# ATTENTION UBC STUDENTS: Aquarium+Reptile club



## Momobobo (Sep 28, 2010)

Hello all,

This is mainly targeted towards UBC students, but once and if it gets rolling non-students may join as well.

I am interested in starting an Aquaria and Reptile hobbyist club at UBC. The main issue is members. I am aware that there are at least a few UBC students on this site.I need ten student signatures but I can get these from anyone. I am more worried about getting a large enough member base for the long run.

I hope to be able to get a room/locker space where we can setup a few tanks and have club use equipment (test kits, TDS meter, Par Meter, RO-DI, etc). This would require me to form the club mid year and apply for the room next year and advertise during our schools orientation and club days.
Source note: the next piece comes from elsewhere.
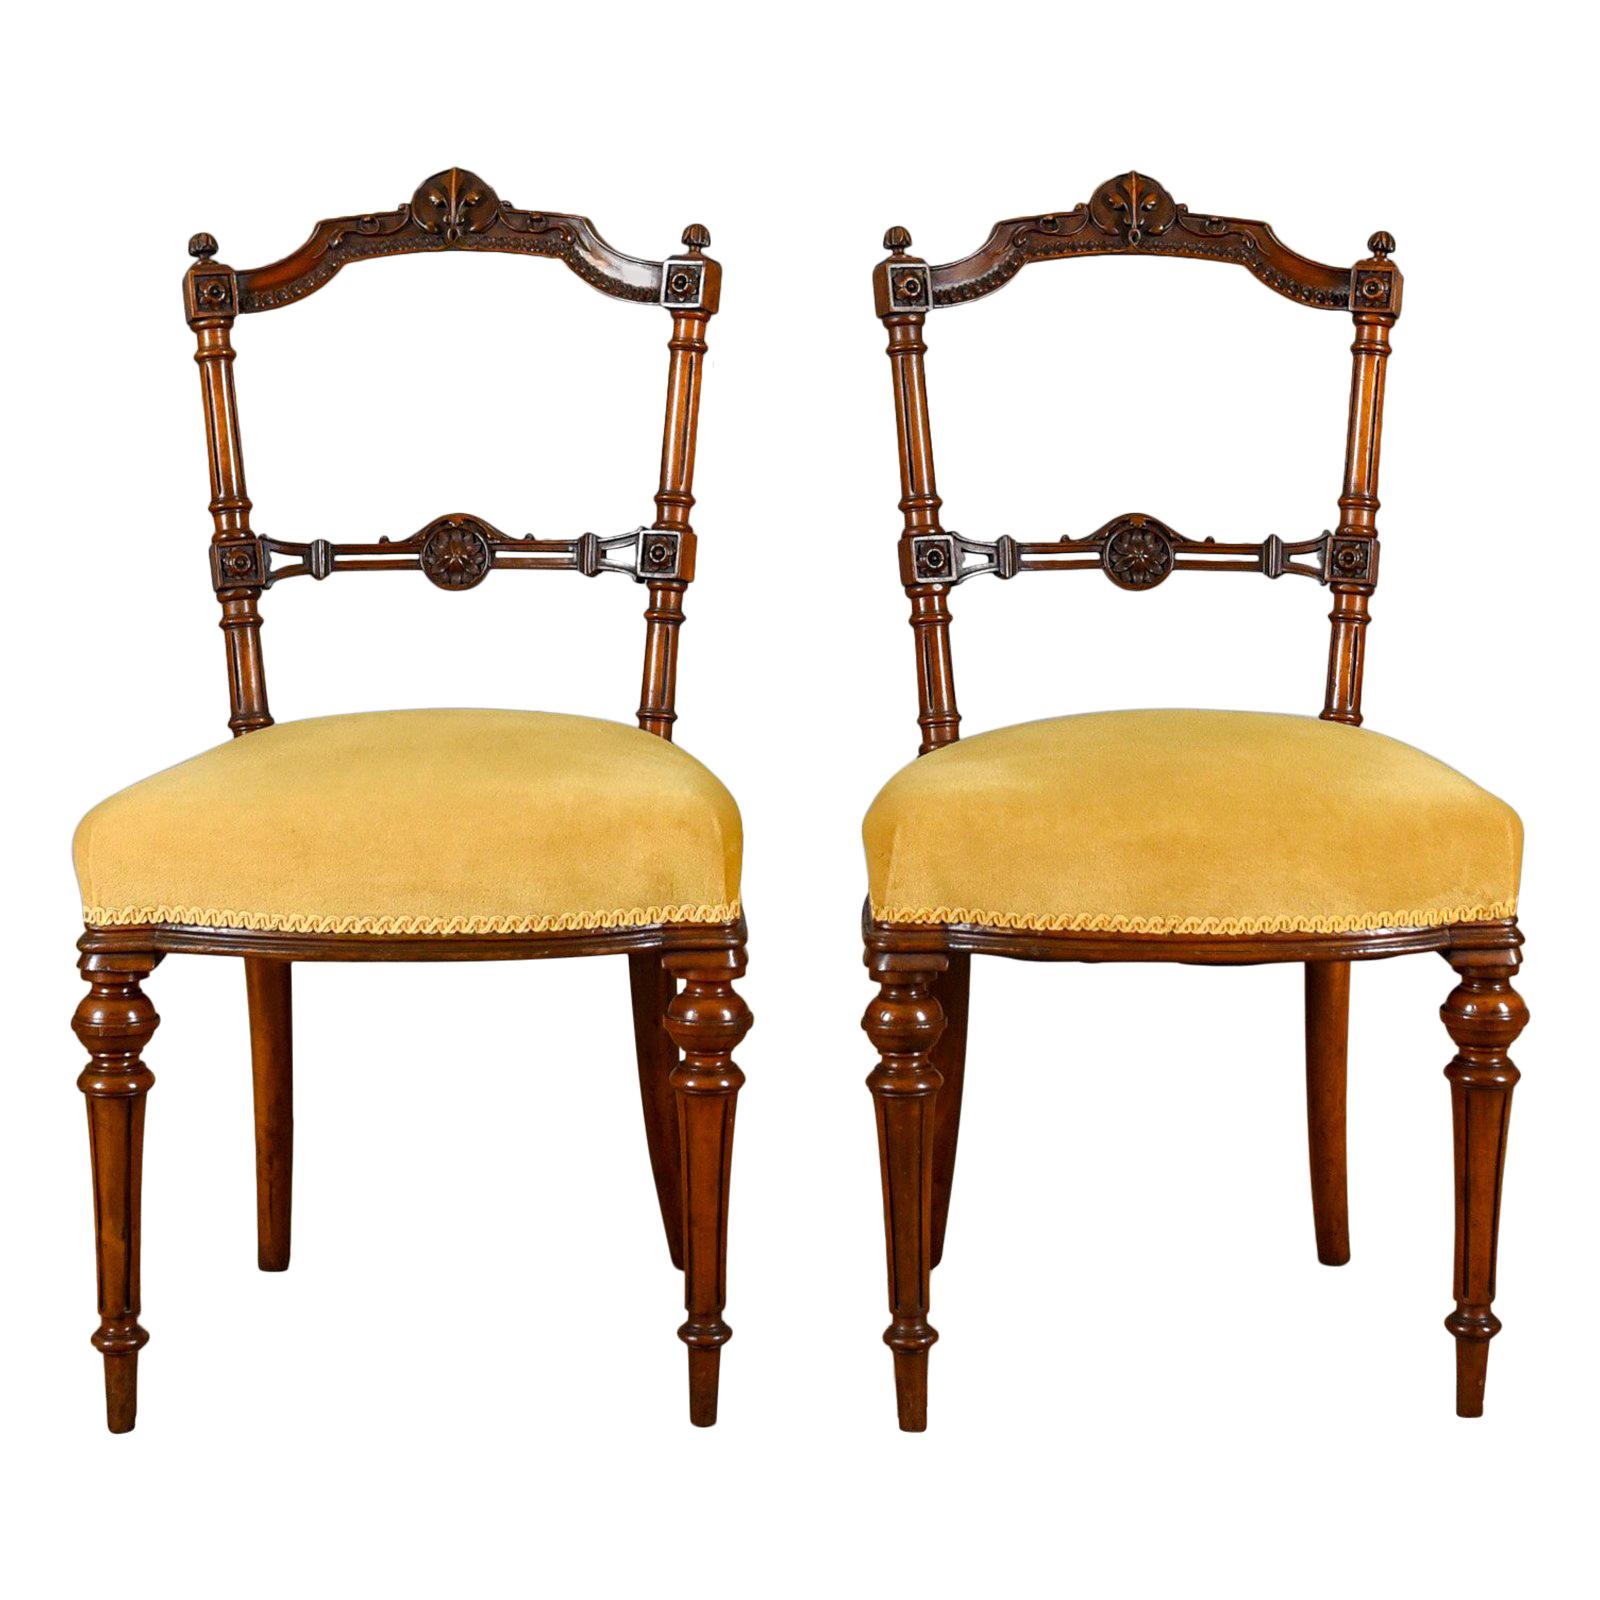 Pair of Antique Chairs, English, Walnut, Aesthetic Period, circa 1880

The main purpose of the club is just to be able and have a space to share our addiction and talk to other exotic pet hobbyists. We can organize group buys for corals, fish, crickets, reptiles, have auctions, talks, etc. I hope to be able to get a few sponsers where members can get discounts at certain stores.

So please please please, if you know any UBC students who are Reptile/Aquatic hobbyists who would be interested, pass this long! And have them message me and/or join the facebook group. Please leave me a message so I know you aren't a bot.:bigsmile:

-Bobby
https://www.facebook.com/groups/513458302123154/ <The Facebook Group


----------



## UnderseaGal (Mar 4, 2014)

Can profs join? 
I'll spread the word.


----------



## Momobobo (Sep 28, 2010)

From skimming our guidelines, we need at least 2/3rds of our members to be AMS members. Not sure if profs are under it? Im fairly close friends with a prof who has a lab full of tanks (he does animal behaviour/ecology research) so I am going to try and convince for some space or membership :bigsmile:


----------



## UnderseaGal (Mar 4, 2014)

Sadly, profs aren't part of the AMS. Keep me posted, though!


----------



## Lutefisk (Jun 29, 2014)

Just wanted to chime in that, while I'm not a student either, I'd love to join such a club.


----------